Dependency Injection in node.js

5 Oct 2013 19:26 nodejs

node.js modules are singletons. If you require('foo') from one module, and then require('foo') from a different module, you’ll get the same instance.

Because of this, it’s a convenient shortcut to define shared variables at module scope. They’re not global, because they’re per-module, but they have all of the downsides of static variables in C++/C#/Java-style languages, because they’re singletons.

This can make dependency injection trickier, whether you’re using class-style node.js, or factory method-style node.js (I just made those terms up). Consider:

// In module A:
var x = require('x');

// In module B:
var x = require('x');

// In module X:
var db = require('db');
var user_cache = db.query('SELECT * FROM Users;');
module.exports = {
    get_users: function() {
        // ...
    }
};

Whoops, now A and B have an implicit dependency on the DB. That’s gonna make unit testing harder.

So, maybe you decide to write the module like this:

// In module A:
var db = require('db');
var x = require('x')(db);

// In module B:
var db = require('db');
var x = require('x')(db);

So far, so good. We can stub the database dependency:

// In tests/X
var stub_db = {
    query: function() {
        // return some canned data.
    };
};
var x = require('x')(stub_db);

But we end up in trouble when we attempt to implement the new module:

// In module X - attempt 1:
// Can't do this, because 'db' isn't available.
var user_cache = db.query('...');
module.exports = function(db) {
    return {
        get_users: function() {
            // ...
        }
    };
};

// In module X - attempt 2:
module.exports = function(db) {
    // Can't do this, because the cache will be local to this closure.
    var user_cache = db.query('...');
    return { get_users: ... };
};

// In module X - attempt 3:
var user_cache = null;
module.exports = function(db) {
    // Can't do this, because the cache will get rebuilt each time the
    // exported factory function is called. Which will be at startup, which
    // will murder performance.
    user_cache = db.query('...');
    return { get_users: /* ... */ };
};

// In module X - attempt 4:
var user_cache = null;
module.exports = function(db) {
    // Better, but can we improve it?
    if (!user_cache) {
        user_cache = db.query('...');
    }

    return { get_users: /* ... */ };
};

Of these, attempt 4 is probably the best, but – depending on your opinion – there’s a problem with that one as well: all of the places that require('x') need to know about the database dependency.

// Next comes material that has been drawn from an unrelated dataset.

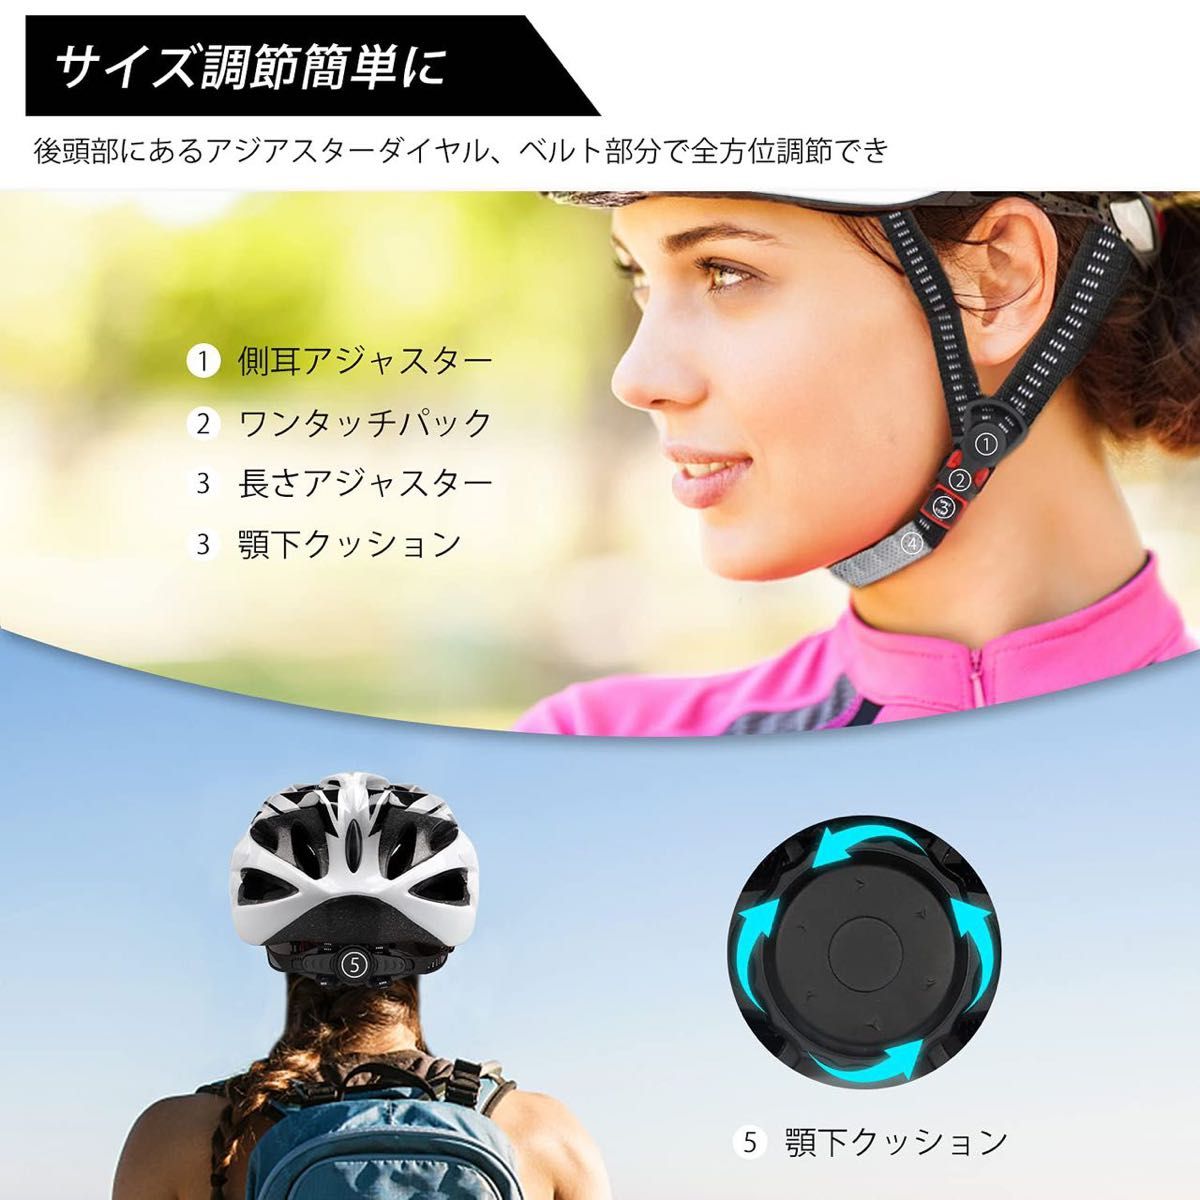 新品 ヘルメット 自転車用 大人用 高通気性 通学通勤 男女兼用 54-62cm ブラックxホワイト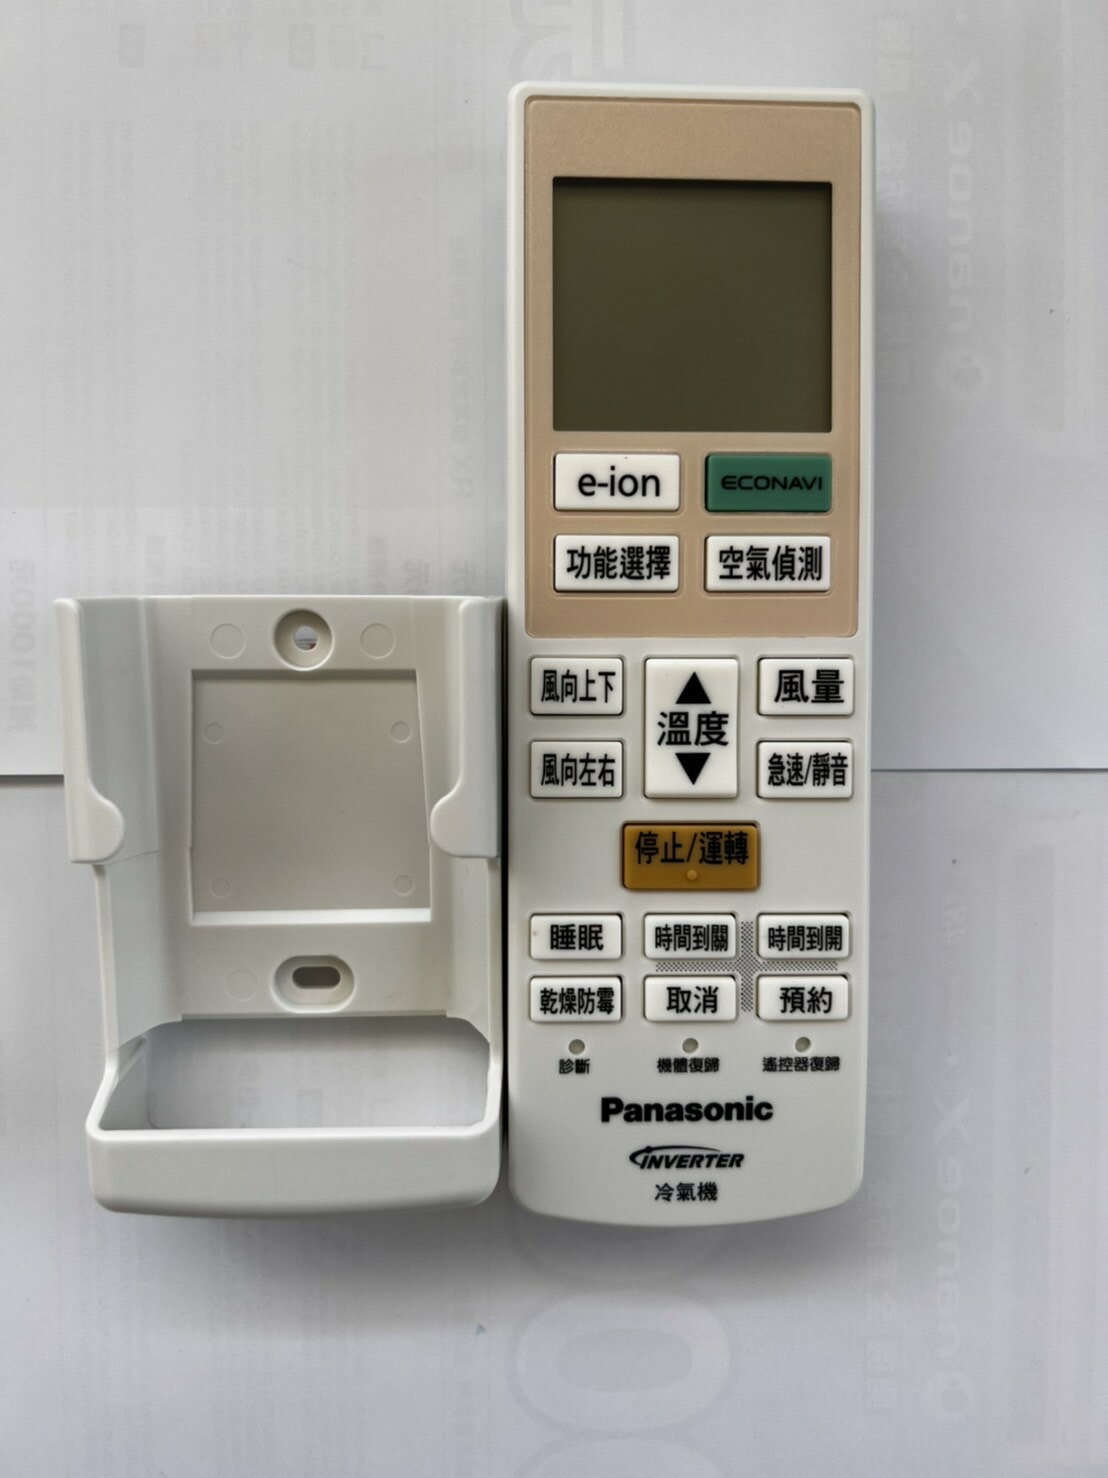 【折50】Panasonic/國際牌 LJ系列變頻冷氣遙控器(含壁掛架) C8024-9800/40429-1350

Maybe we can do something like this:

// In app.js:
var db = require('db');
var x = require('x');
x.use(db);

// In module A:
var x = require('x');

// In module X - attempt 5:
var _db = null;         // If you need to.
var user_cache = null;
module.exports = {
    use: function(db) {
        _db = db;   // If you need to.
        user_cache = db.query('...');
    }
    get_users: function() { /* ... */ }
};

There are, in my opinion, two problems with this:

We’ve now hidden X’s dependency on db. I’m not sure I’m totally happy with that, but it’s what a DI container would have done for us: A depends on X, which depends on DB, but that’s the container’s problem, not A’s.
I’m not sure that it makes unit testing easier, because we’ve still got a bunch of singleton shared state. Maybe that’s a different problem, though.